> Recorded data:
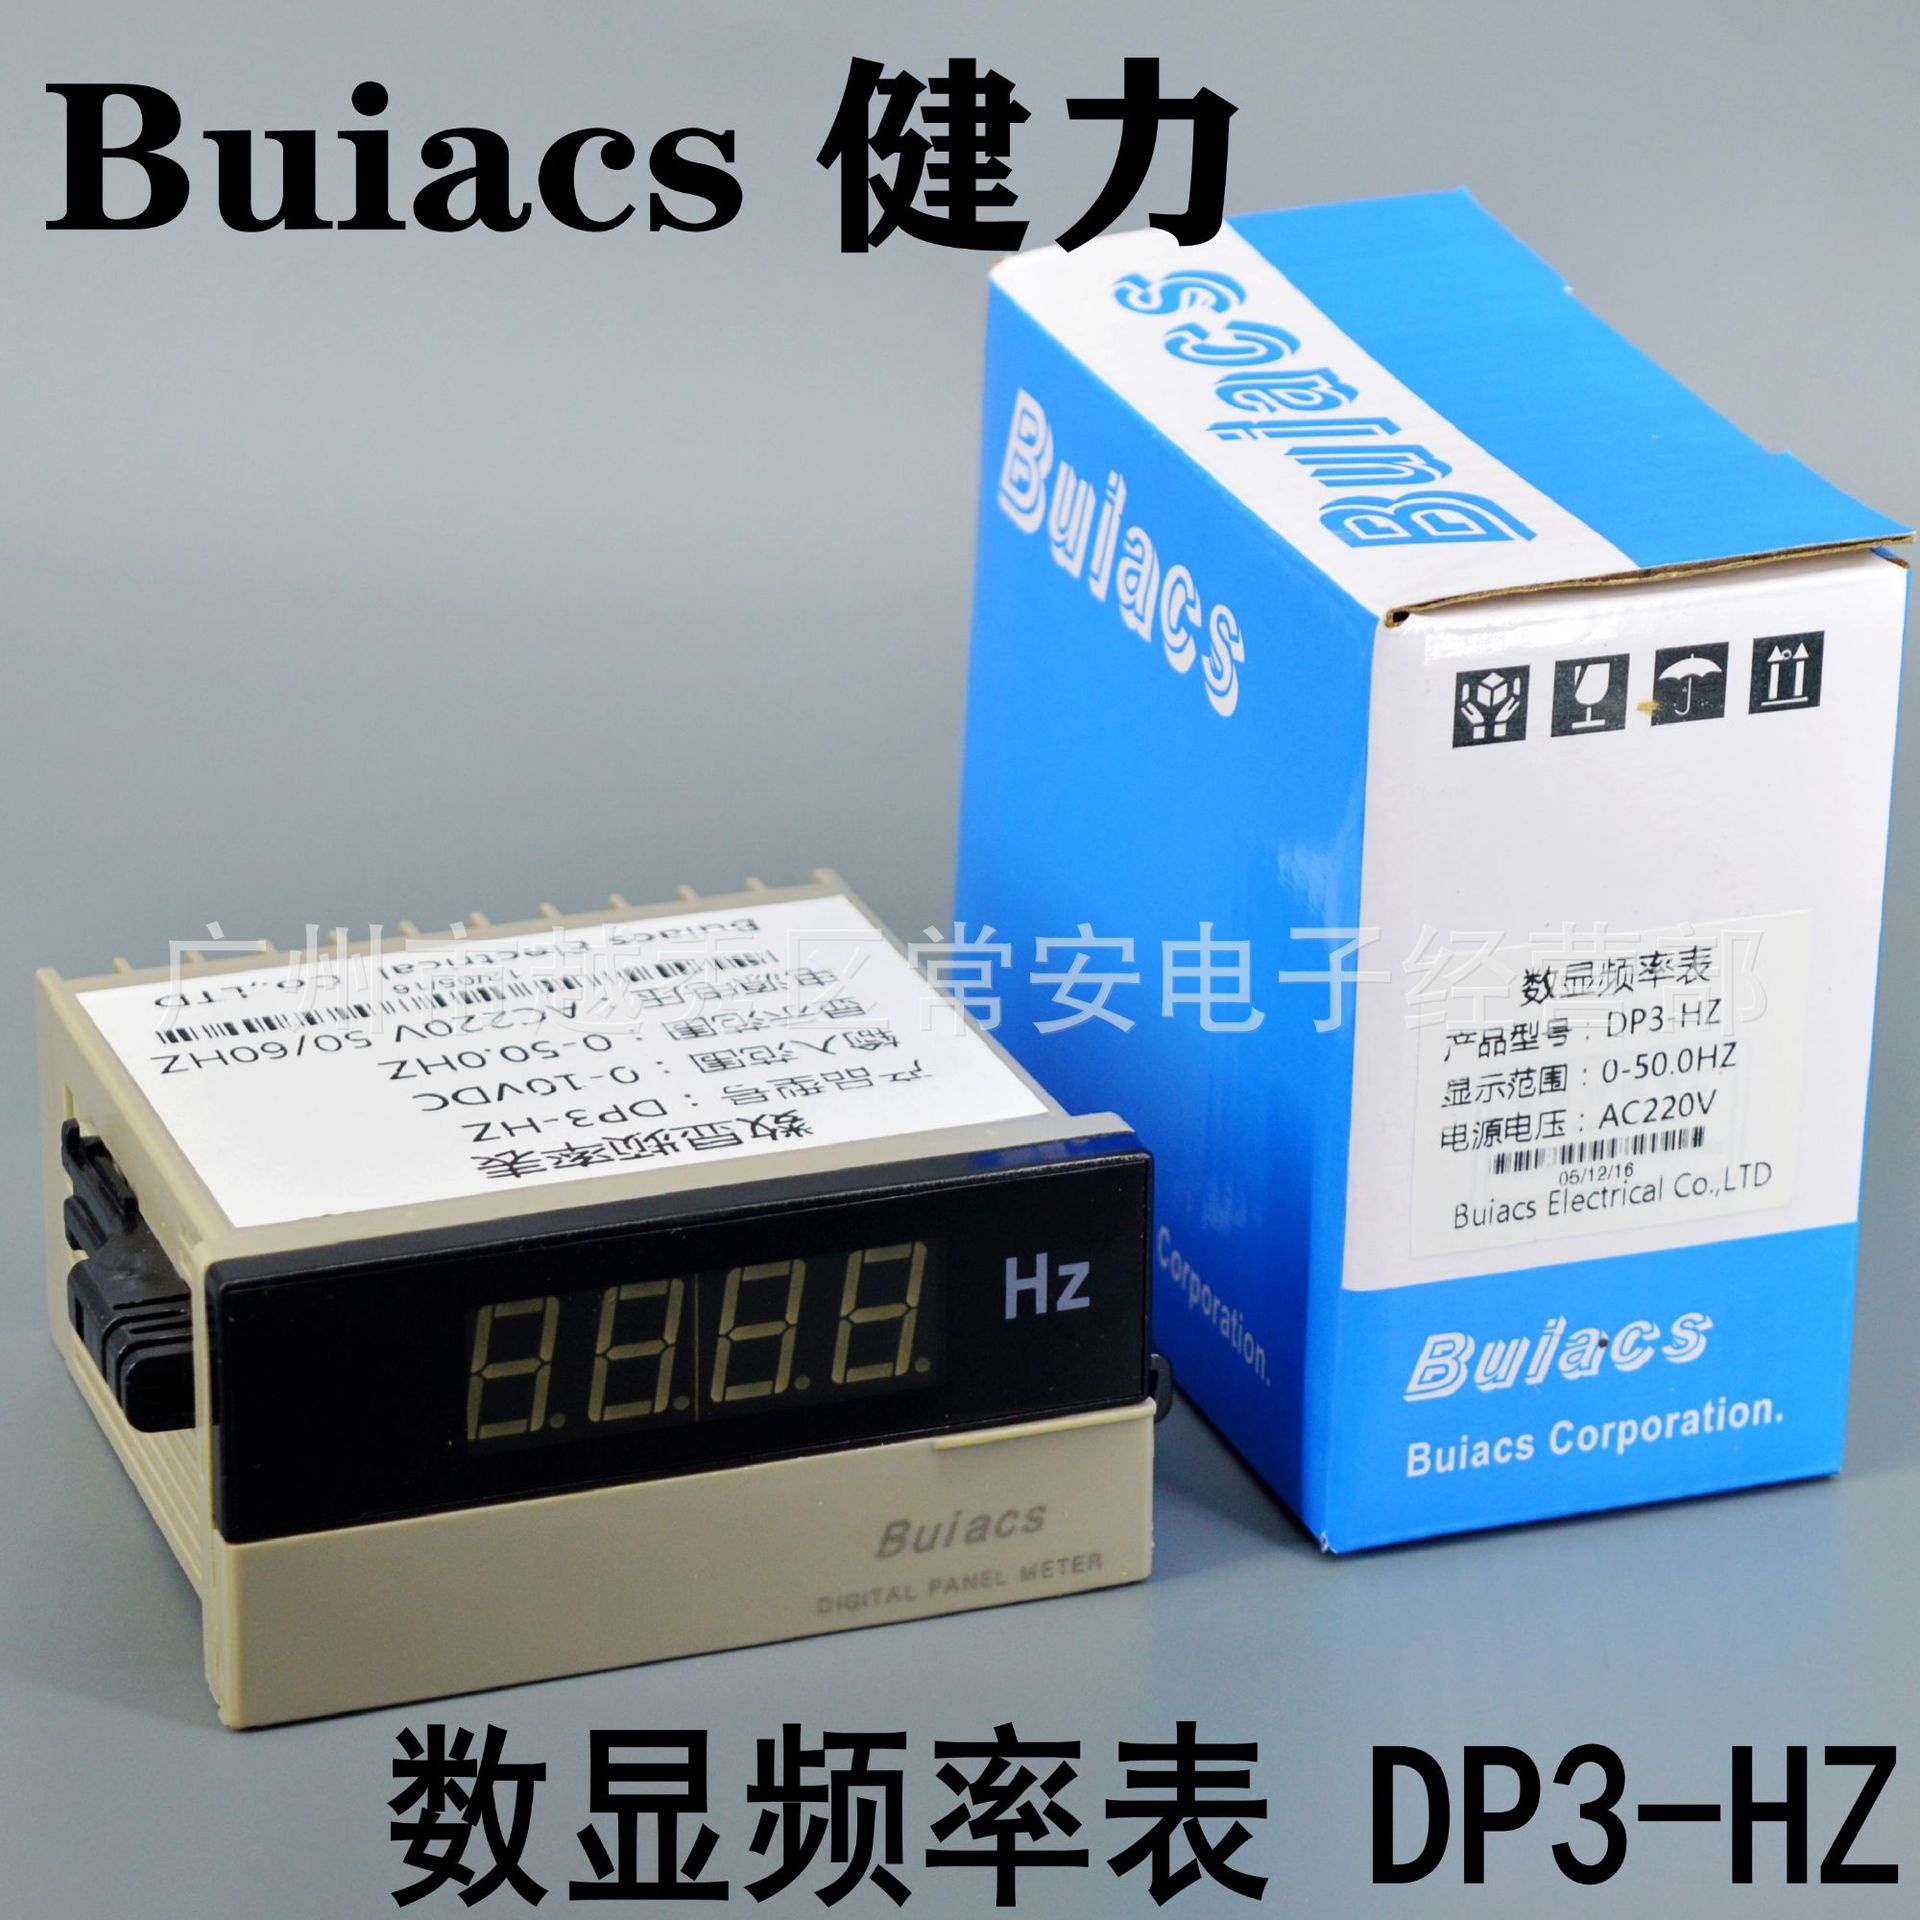 Buiacs 中山健力 变频器专用 数显频率表 DP3-HZ
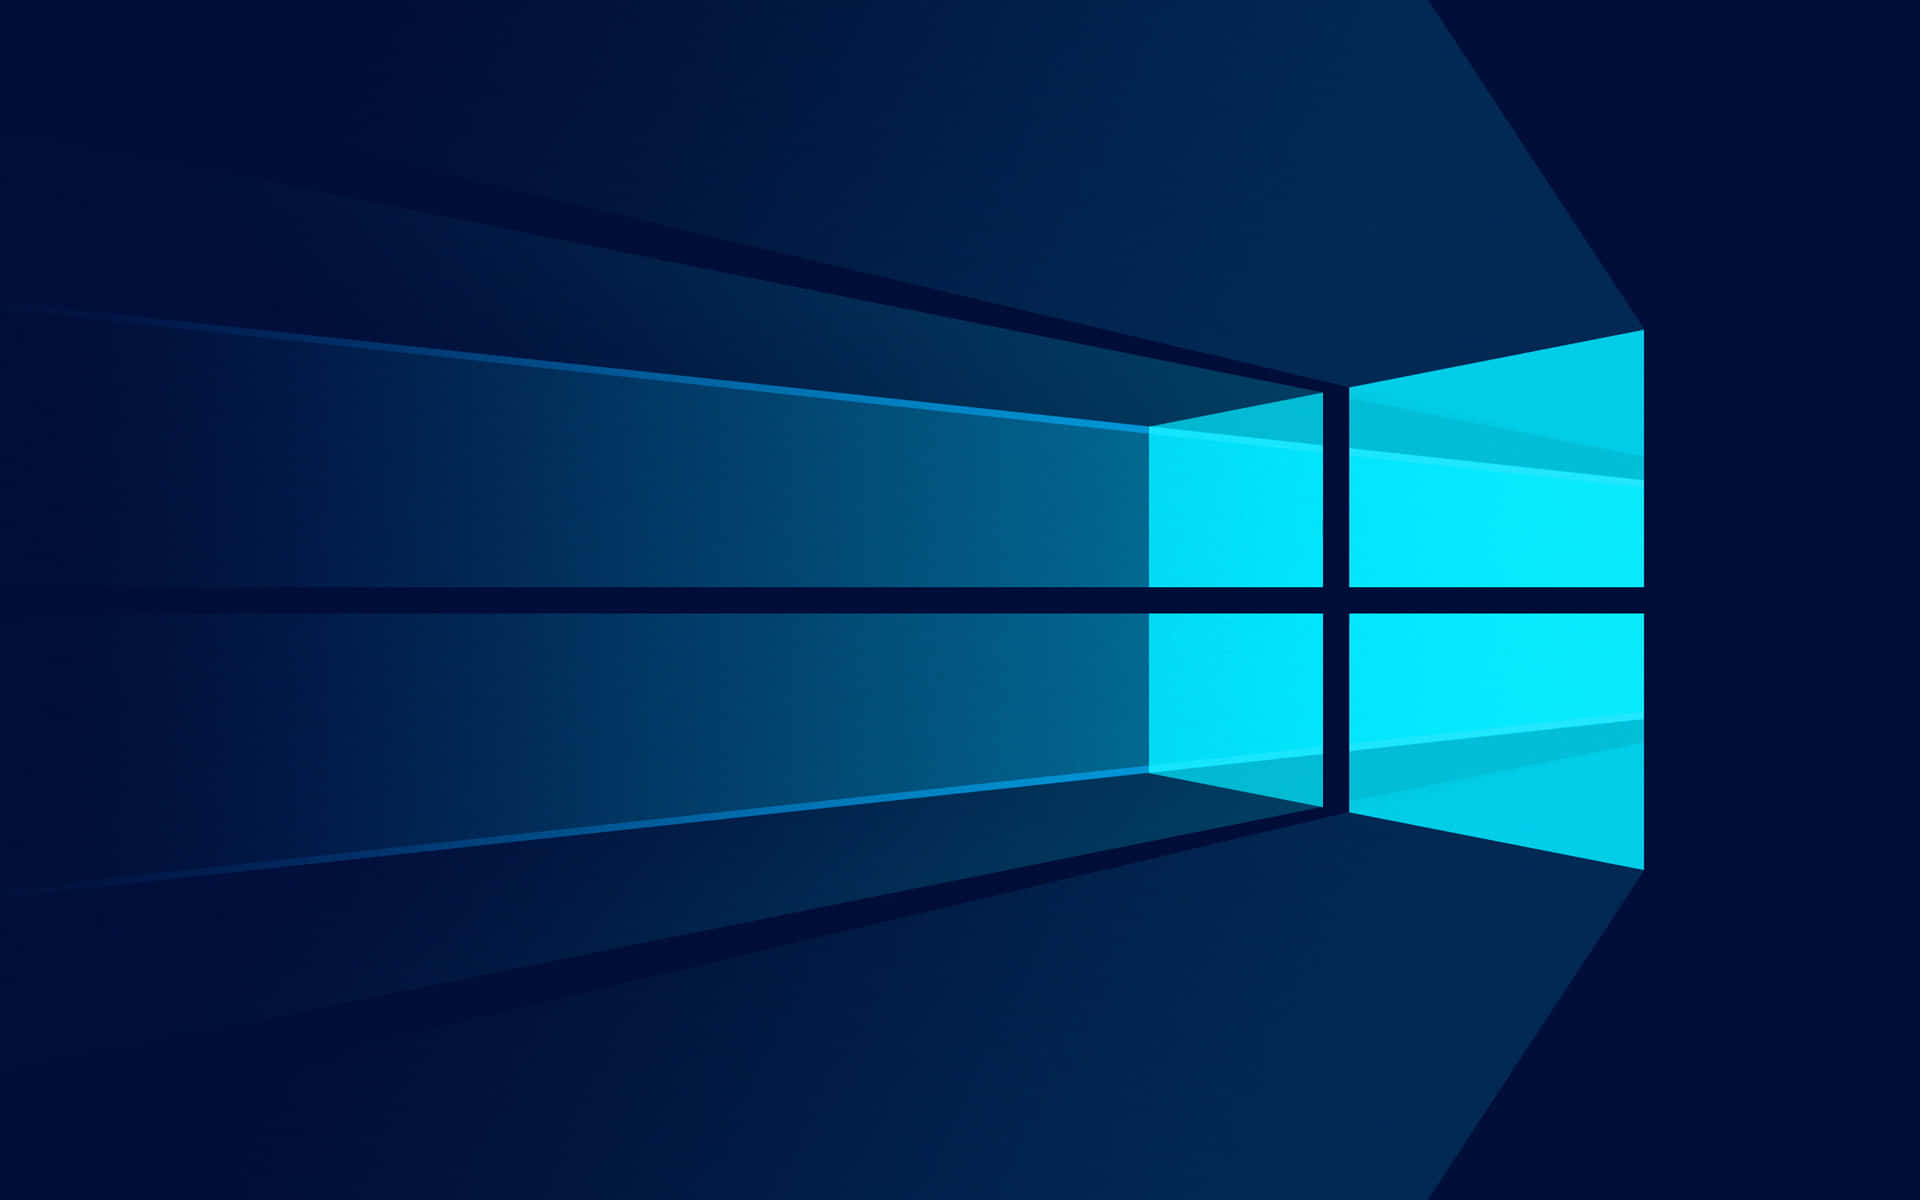 Enjoy stunning visuals with Microsoft's latest operating system, Windows 10.
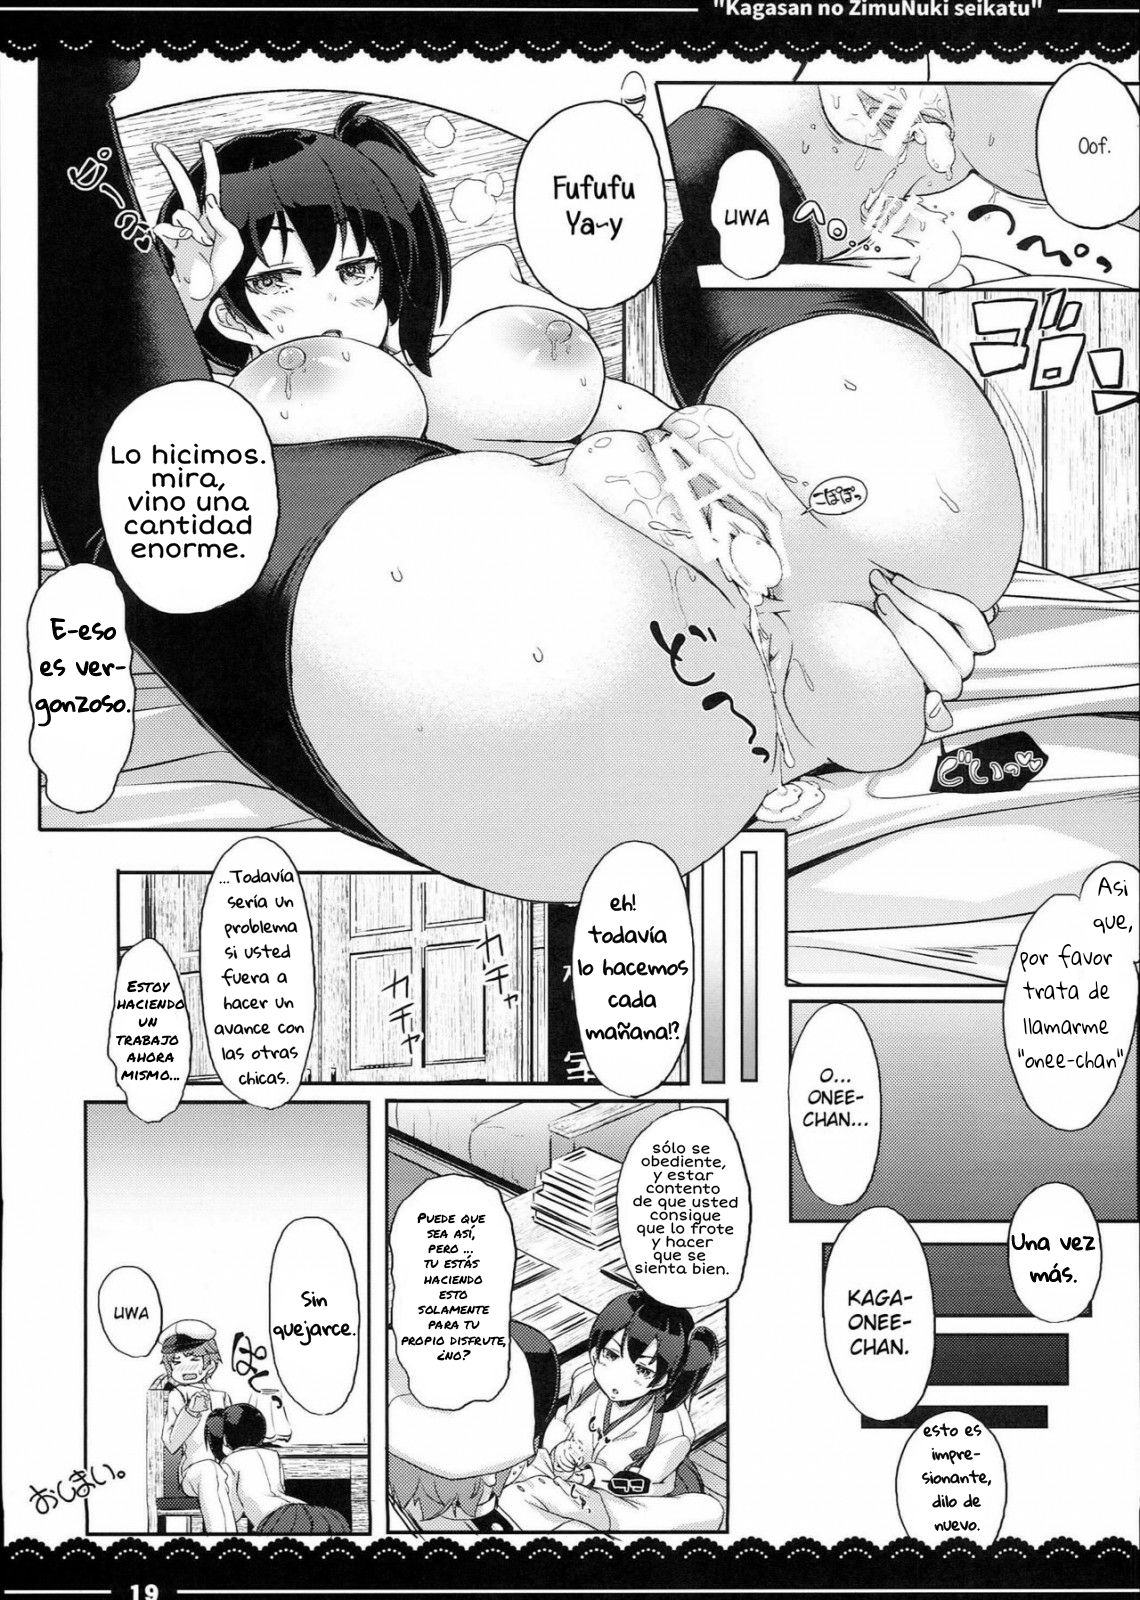 kaga-san's work skipping sex life-chapter 1 - 19
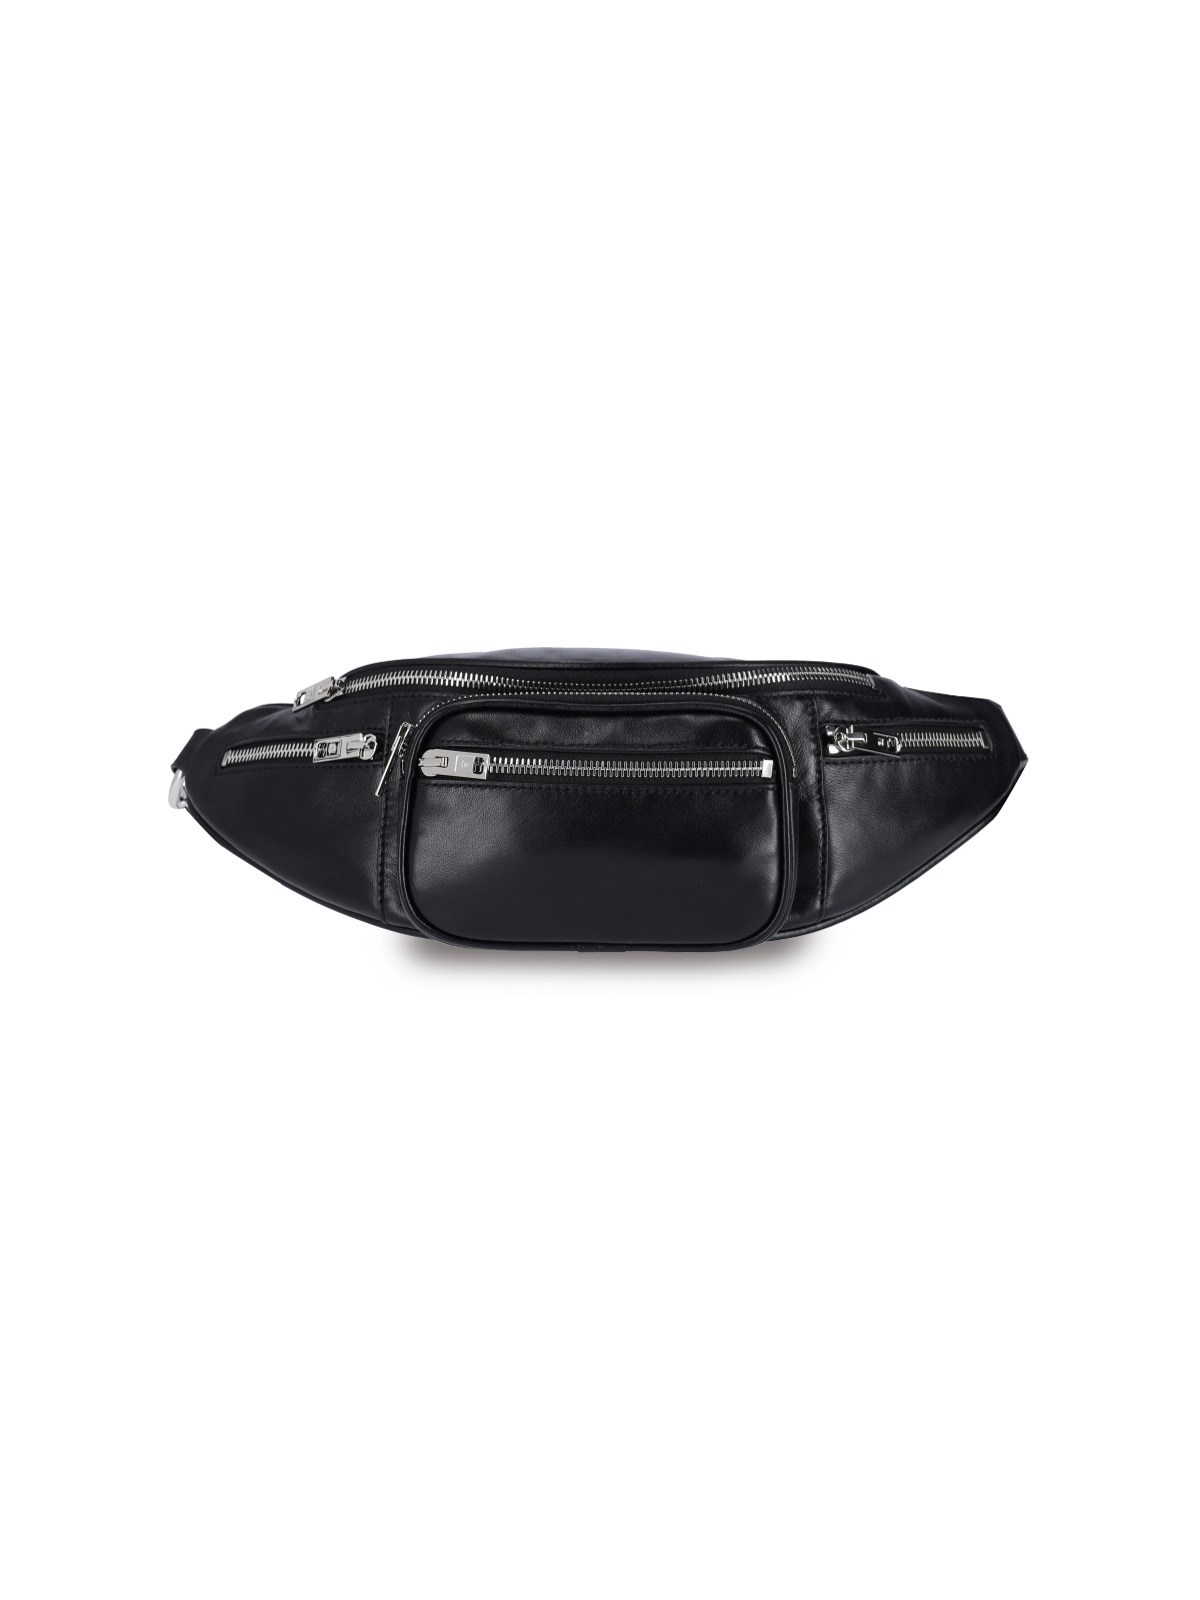 Alexander wang 'attica' belt bag available on SUGAR - 144969

> Action item: The answer must consist solely of the lines from the line containing "Enjoy stunning visuals" to the end of the data, reproduced exactly, with every picture left out.

> Problem solution:
 Enjoy stunning visuals with Microsoft's latest operating system, Windows 10.
 kaga-san's work skipping sex life-chapter 1 - 19
 Alexander wang 'attica' belt bag available on SUGAR - 144969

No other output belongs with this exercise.